Behaviors recorded during observation of cockatiels and utilized to evaluate for differences between control (handling only; n = 8) and treatment (carrageenan injected; 8) cockatiels.
| Behavior category | Behavior |
|---|---|
| Resting | Perch resting |
| Floor resting | |
| Nonvigilant | |
| Locomotion | Moving along cage floor |
| Active climbing | |
| Moving along perch | |
| Maintenance | Thorough preening |
| Burst preening | |
| Focal preening | |
| Rouse | |
| Scratching | |
| Stretching | |
| Wiping beak | |
| Intake | Eating |
| Drinking | |
| Interaction with environment | Playing with/inspecting toy |
| Biting on perch | |
| Biting cage bars | |
| Interaction with food trough | |
| Engaged with nearby conspecific | |
| Limb and body posture | Upright |
| Leaning | |
| Non–weight-bearing | |
| Requiring bodily support | |
| Holding body low on cage floor | |
| Crest position (overall assessment after 10 minutes) | Erect |
| Lowered | |
| Flat | |
| Mentation (overall assessment after 10 minutes)—cockatiel must be awake to assess | Alert |
| Quiet | |
| Depressed |
Study groups and induction of inflammation
The carrageenan for this study was the lambda type formulated as a 1% lambda carrageenan solution (TCI America) using a deionized water vehicle and prepared sterilely as previously published.26 A single 50-mL batch of 1% lambda carrageenan solution was used for all injection sessions, with individual aliquots of 1.0 mL portioned and stored at −62.2 °C for 24 to 120 hours before use, depending on the predetermined study day. On each day of carrageenan injections, a single aliquot was removed from the freezer, thawed back to a liquid state over a period of approximately 10 minutes by being held in a warm hand, and then immediately drawn up into individual 30-unit (0.3 mL) U100 insulin syringes for injection (1 syringe used per cockatiel).

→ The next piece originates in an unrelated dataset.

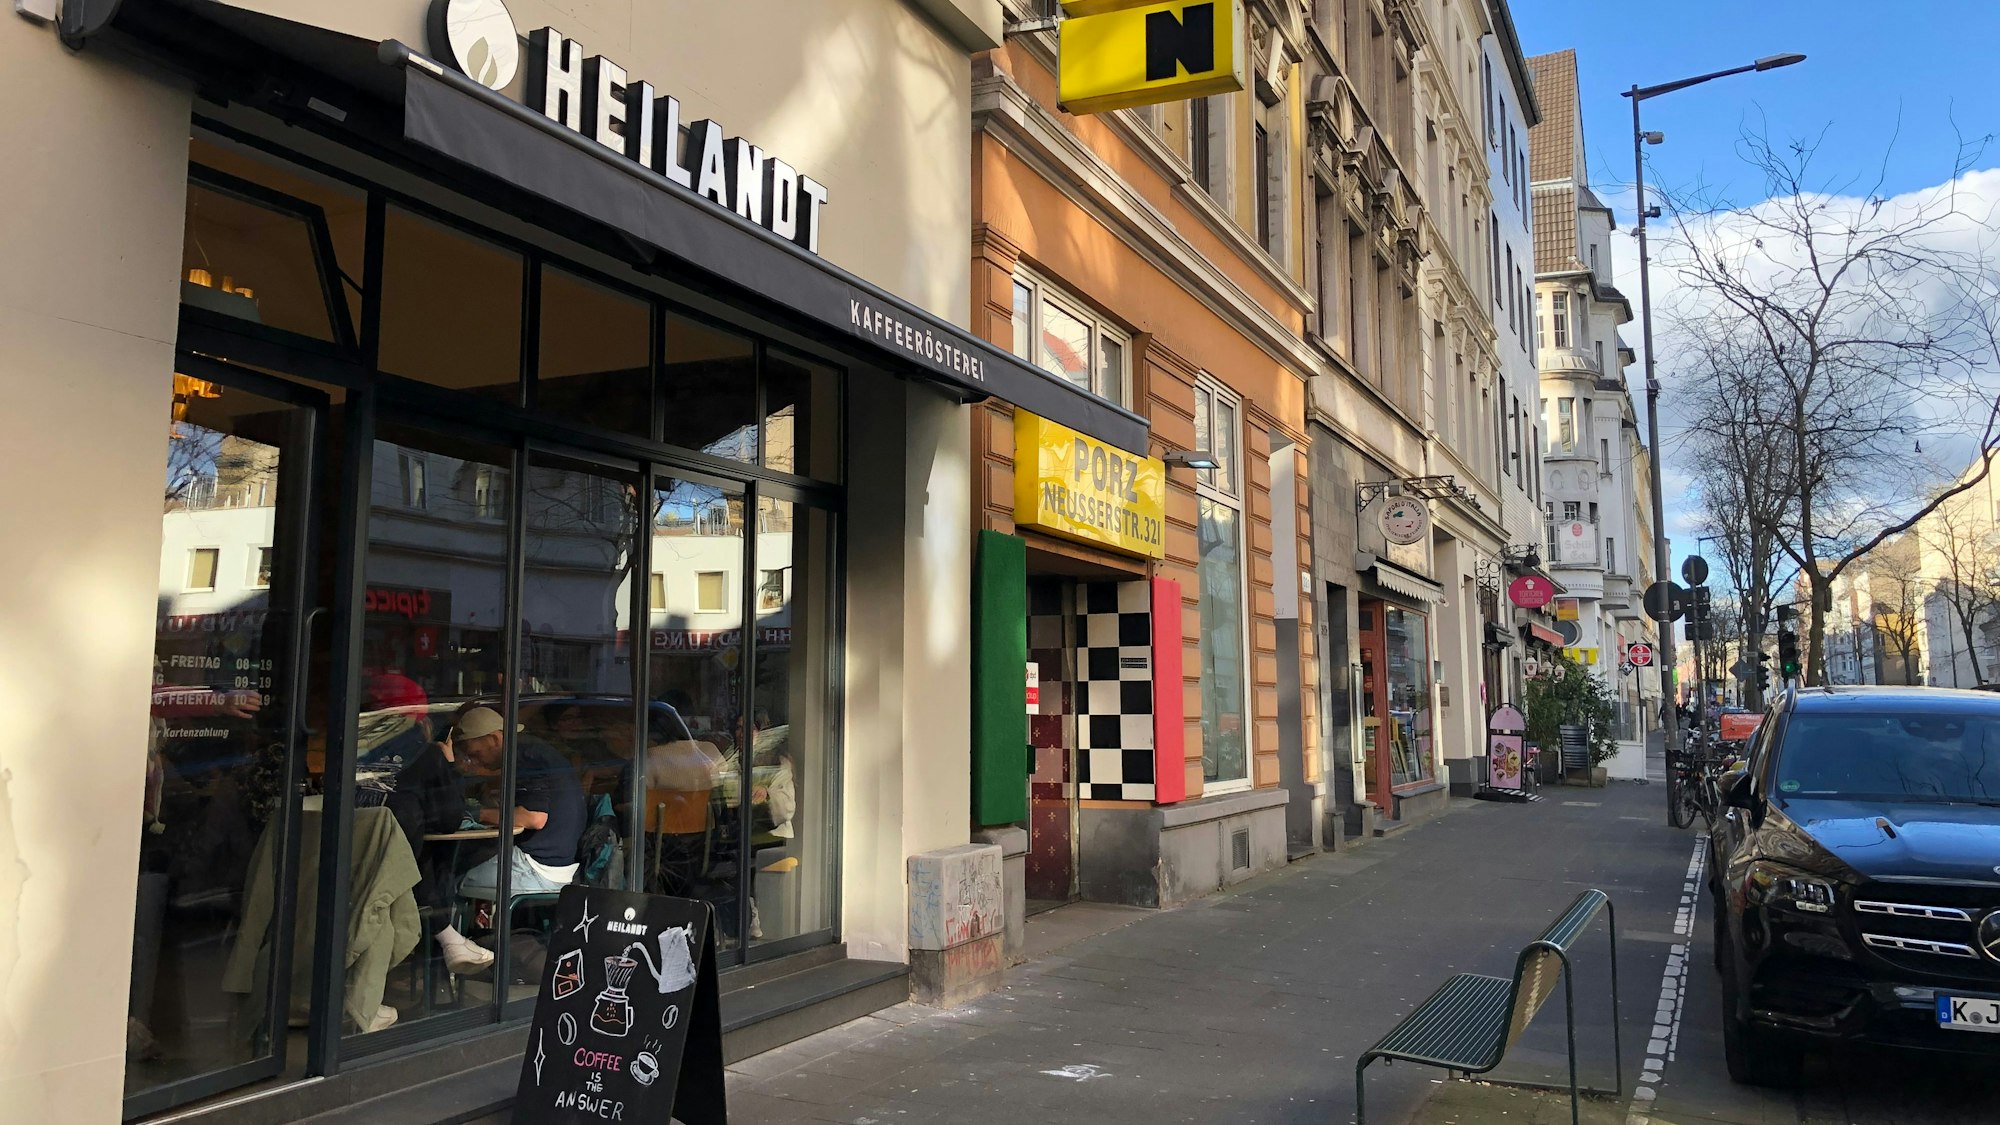 Zuletzt hat unter anderem die Heilandt Rösterei neu auf der Neusser Straße eröffnet – dennoch wünschen sich die Menschen mehr Gastronomie.

Cockatiels were separated based on their location on the cage rack (4 birds on the top row, 6 birds on the middle row, and 6 birds on the bottom row). For each row, half of the cockatiels were randomly assigned to either the treatment group (carrageenan injection) or control group (handling only), with randomization additionally balanced for sex and room location. The birds were randomly allocated to the treatment or control group using a sequence from random.org. The cockatiels were manually restrained, and the left foot was handled by the individual administering treatment (0.05 mL 1% carrageenan injection, per prior cockatiel carrageenan injection protocols)17 or sham (placement of a capped needle along the plantar aspect of the footpad) procedures. The carrageenan injections were performed using a 30-unit U100 insulin syringe with a 29-gauge needle. Cockatiels were each handled for an average of 1 to 2 minutes and returned to their cage for subsequent behavioral observation. Following completion of video recordings approximately 10 hours postinjection, the treatment cockatiels received meloxicam 2 mg/kg (IM injection with Ostilox; Vet One for the first dose followed by oral administration with Metacam; Boehringer Ingelheim for all other doses,) twice daily for 7 days.
Pain-related behaviors
Recordings following carrageenan injection study days were performed uninterrupted and void of human presence from 7 AM to 5 PM, similar to the prior undisturbed behavior recordings. A total of approximately 9.5 hours of uninterrupted video recording were obtained for each bird, and a single observer (NAM) initially reviewed these videos to ensure the applied ethogram was appropriate. A total of 3 additional individual observers were then collectively trained to recognize the various behaviors displayed in the established ethogram and to apply this ethogram to quantify behaviors observed during the study periods. All observers were undergraduate students chosen based on past participation in animal behavioral studies, previous avian experience, and education in animal-related fields. Individuals evaluating the behavioral recordings were masked to the assignment of treatment versus control animals. For each observer, the videos of each cockatiel were viewed separately, and behaviors observed were assessed without collaboration between observers.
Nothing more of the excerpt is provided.